The two approaches that we present differ in their ability to simulate heterogeneous landscapes (in terms of permeability). We suggest using the FFTM with corridors in homogenous landscapes (to speed up the computation) and using the SMSM without corridors in heterogeneous landscapes. In cases in which parts of the domain are heterogeneous (e.g. the regions around a mountainous area) and others are homogenous (e.g. lowlands), the cells can be arranged in a way that they cover the whole area in the heterogeneous part and only corridors in the homogenous part. In this setting the SMSM can still be used for the whole domain and an improvement of computation time can be achieved by only simulating the local vegetation dynamics in the homogenous parts of the domain. Thus, with our approaches, we have combined several advantages of the before-mentioned approaches: the seed dispersal from forest landscape models, improved by the novel FFTM or SMSM and the ecophysiology, and the structure and community dynamics of LPJ-GUESS. We furthermore found a compromise between discretization and efficiency by using the corridor method.
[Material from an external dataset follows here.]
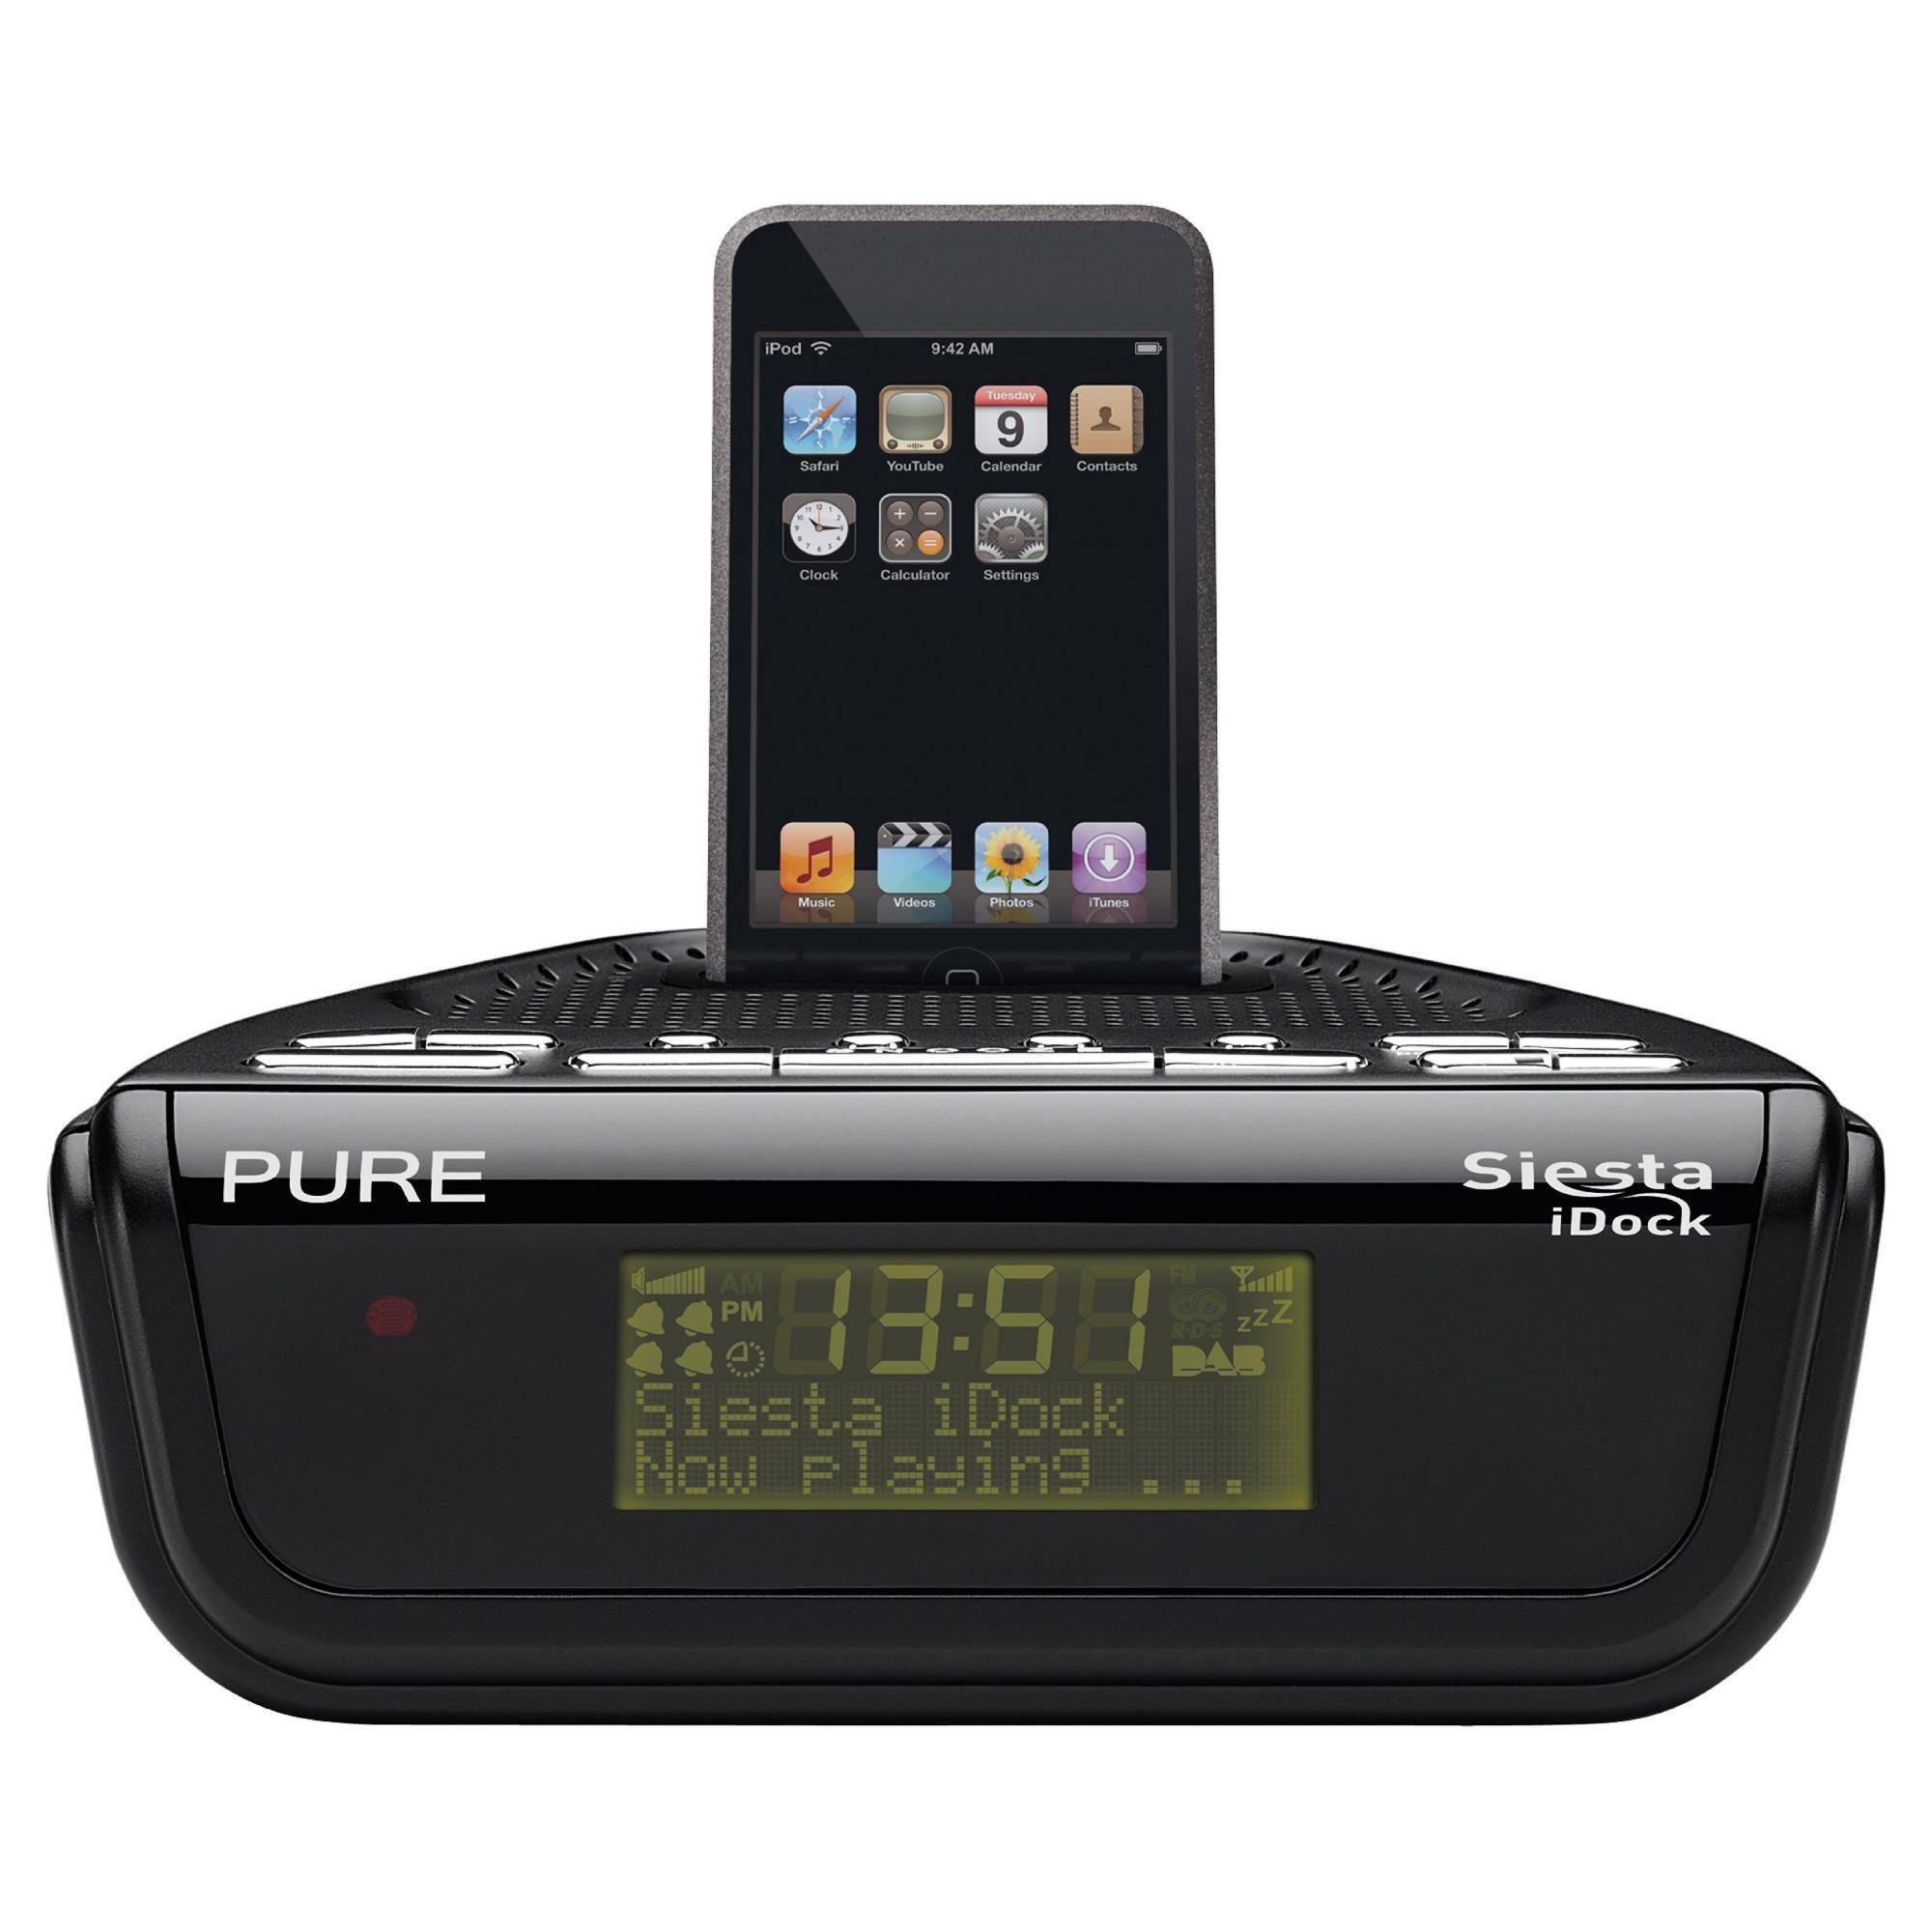 PURE SIESTA iDOCK DAB/FM/iPOD ALARM RADIO

4.4 Potential further improvements

Despite the satisfying performance of the new methods in these first tests, some aspects require further development.

4.5 Potential for applications

The test simulations were performed on a virtual landscape of 100 km × 100 km, but eventually the method is aimed to allow for large-scale simulations over several millennia. Regarding memory requirements, this is possible with currently available hardware: test runs with landscapes of 4000 × 4000 grid cells (i.e. the size of Europe) were performed without technical problems, at least regarding the memory requirement (given 62 GB of RAM). The considerable computational cost, however, requires a relatively high amount of computing time, which might be reduced by efforts to speed up (due to efficient parallelization) the FFTM (currently the FFTM is performed on a single node, while the remaining nodes are idle; one could use all nodes to perform the FFTM) or by even further apart corridors.